6 pci slots it is, indeed. (I went and counted.)
And what else, if anything? Special I/O, scsi or the like? I see on my busted 9500 logic board that there are some chips that don't seem to be on the 7500 logic board that I have lying around.
The 9500/9600 has six PCI slots and 512K of level 2 cache soldered to the board. They lack the level 2 cache slot found on the 7x00 and 8x00 machines and they lack the built-in video abilities. Other than that, they are identical. The I/O hardware is identical.
All of the I/O goes through the Grand Central chip which appears as a PCI device to the computer. So there are actually four PCI "slots" on the 7500/7600/8500/8600/7300 machines.
The PCI bus is controlled by the Bandit chip which bridges data from the CPU/memory bus to the PCI bus. The non-9500/9600 machines have one Bandit chip bridging for Grand Central and the three PCI slots. The 9500/9600 have two Bandit chips. The first one does exactly the same job as the single Bandit chip on the 7/85/600 machines. The second Bandit chip bridges for the additional 3 PCI slots.
So each Bandit chip occupies a spot on the CPU/Memory bus. In the non-9500/9600 machines, there is one Bandit chip, plus the video controllers, Control and CHAOS. The Control/CHAOS combo occupies the CPU/Memory bus space which the second Bandit occupies on the 9500/9600, sort of.

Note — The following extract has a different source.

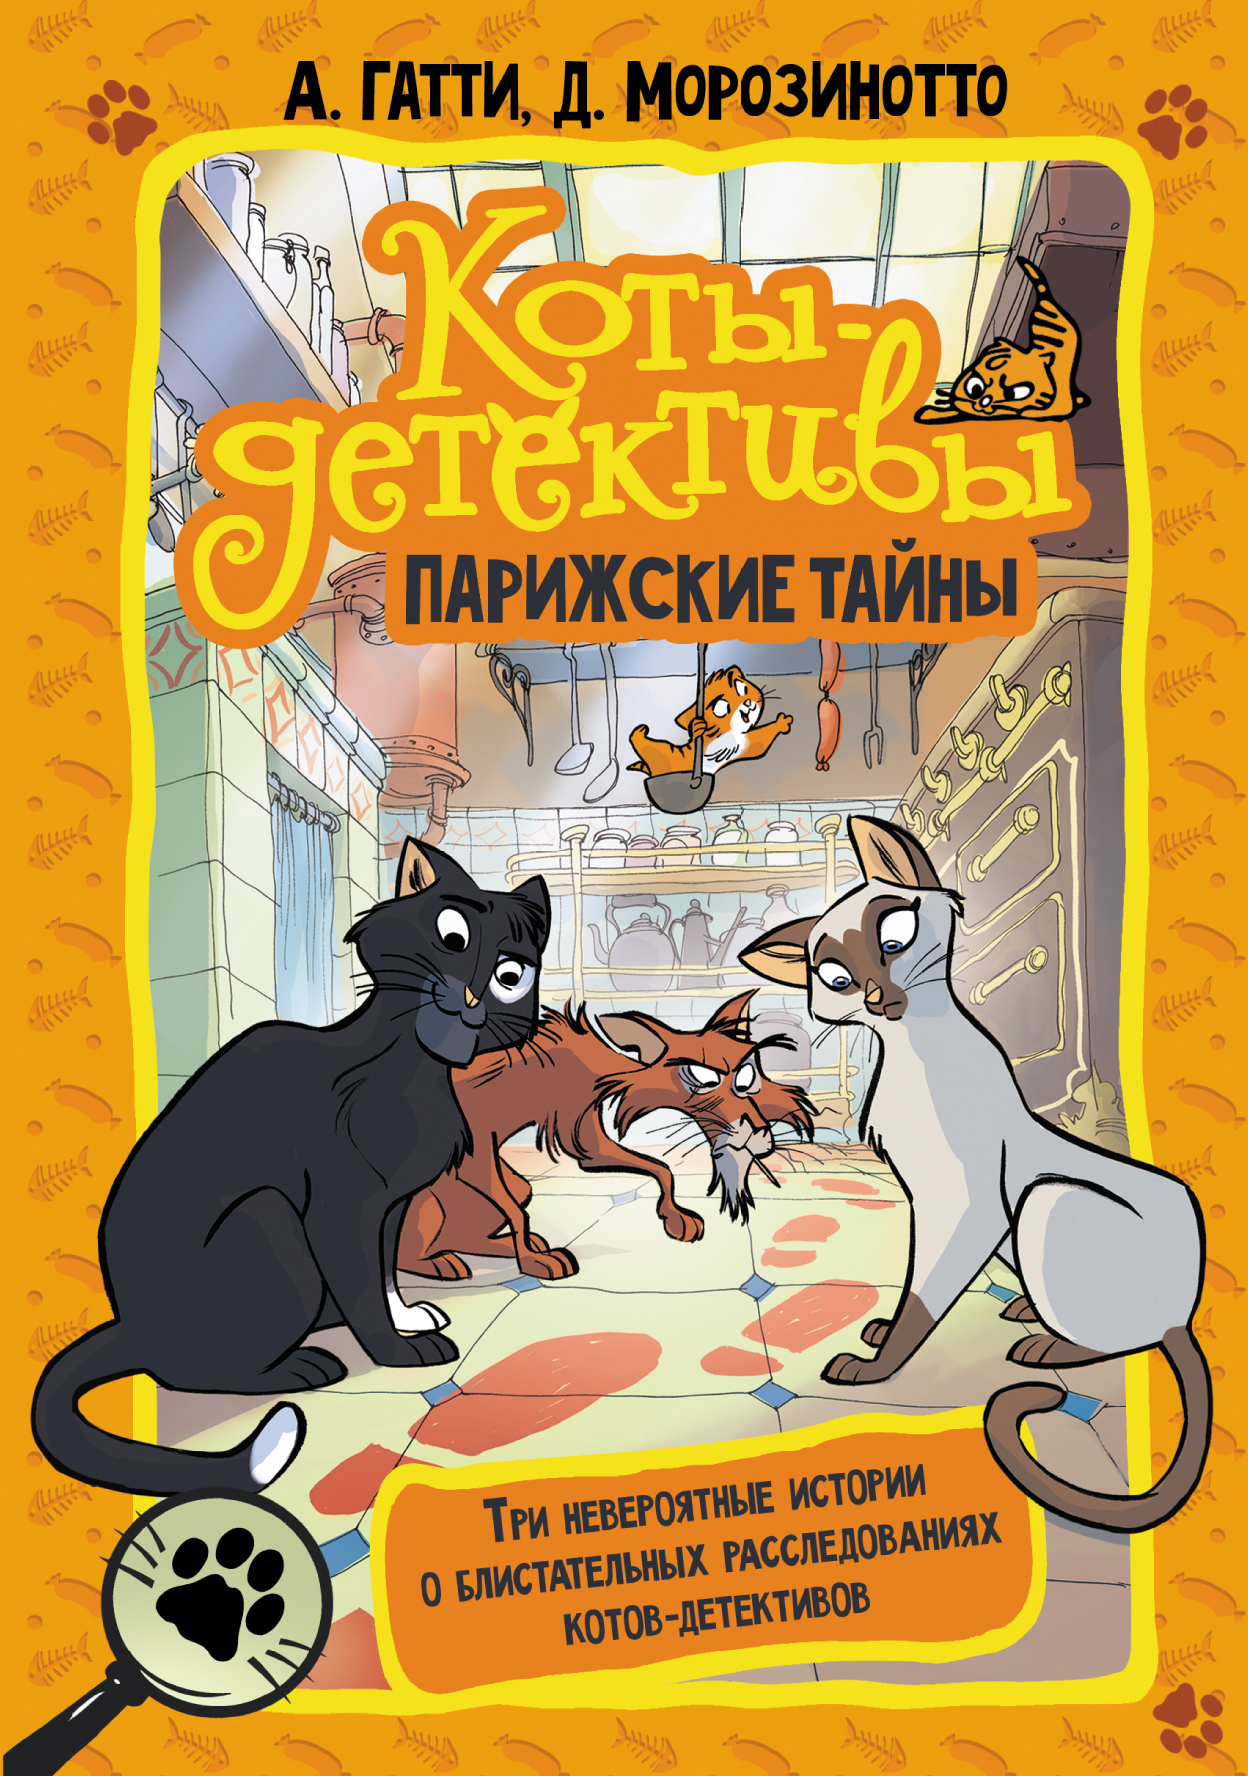 Коты-детективы. Бесстрашная команда, Давиде Морозинотто – скачать книгу  fb2, epub, pdf на ЛитРес
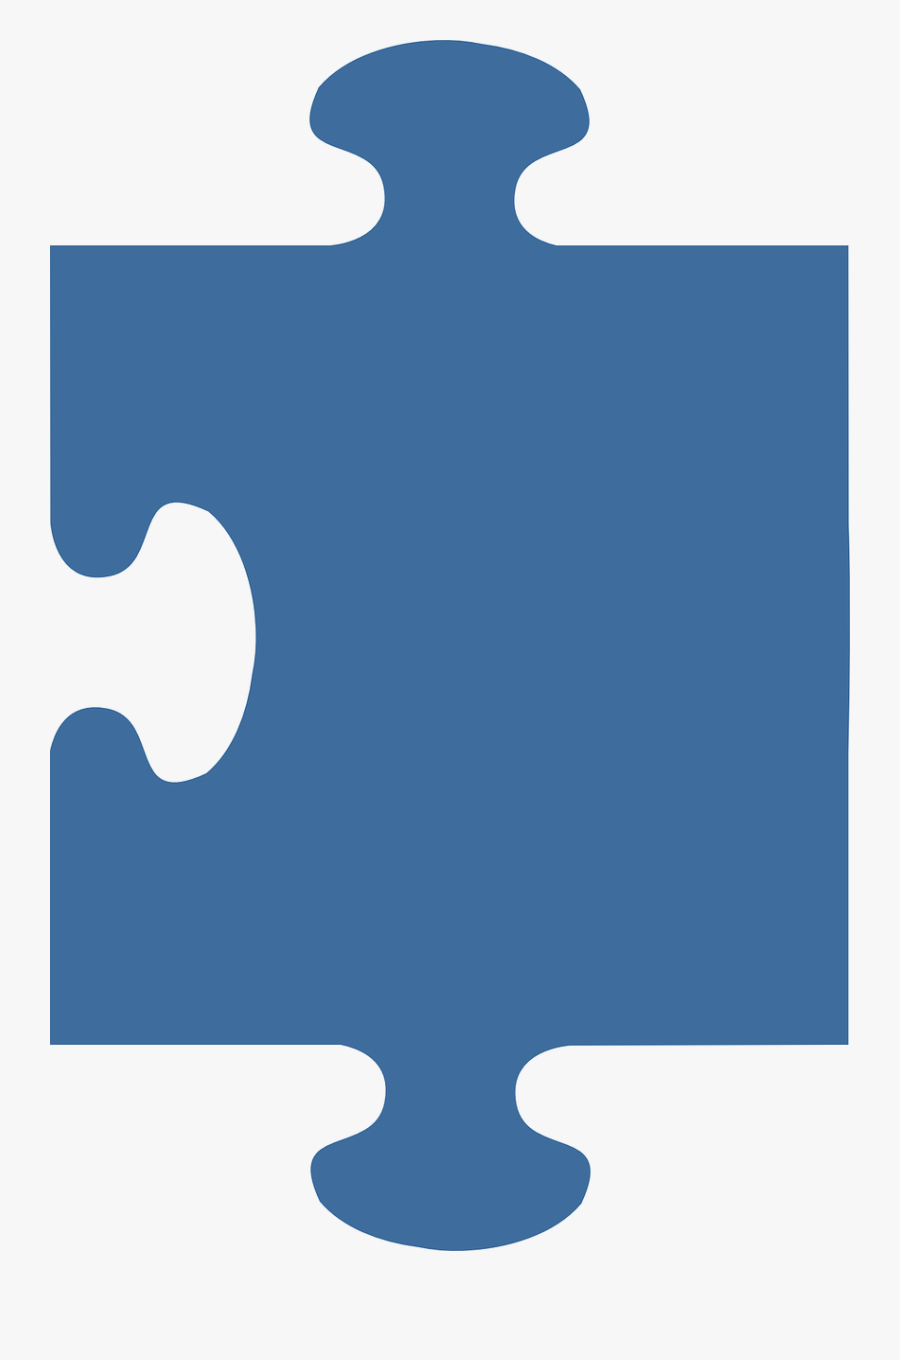 Jigsaw Puzzle Puzzle Piece Free Picture - Edge Puzzle Piece Png, Transparent Clipart

Apple originally designed this family of machines to be capable of having four Bandit-style bridges on the CPU/memory bus. So, in theory, they could have built a machine with 12 PCI slots, or one with 9 PCI slot plus built-in video.
Additionally, Bandit is capable of controlling more than three or four PCI devices. The Apple Network Server uses Bandit PCI Bridge chips. It has six PCI slots, one Grand Central, on-board PCI video, and two F&W SCSI busses on the PCI bus, for a total of ten PCI devices on two PCI bridges.
But wait, there's more. In the Apple Network Server, the video, two SCSI busses, Grand Central and first two PCI slots are all on one Bandit chip. So that's actually six PCI devices on one PCI bus.
So with four Bandits and six devices per Bandit, one could theoretically have 24 PCI devices. Unfortunately, problems with bus noise limit one to about 5 PCI slots per bus. One can have ten soldered down devices, because soldered down devices are less noisy and probably have less trace length than cards. So figure each slots counts twice and each soldered down device counts once, and you're limited to a count of eight to ten per Bandit chip.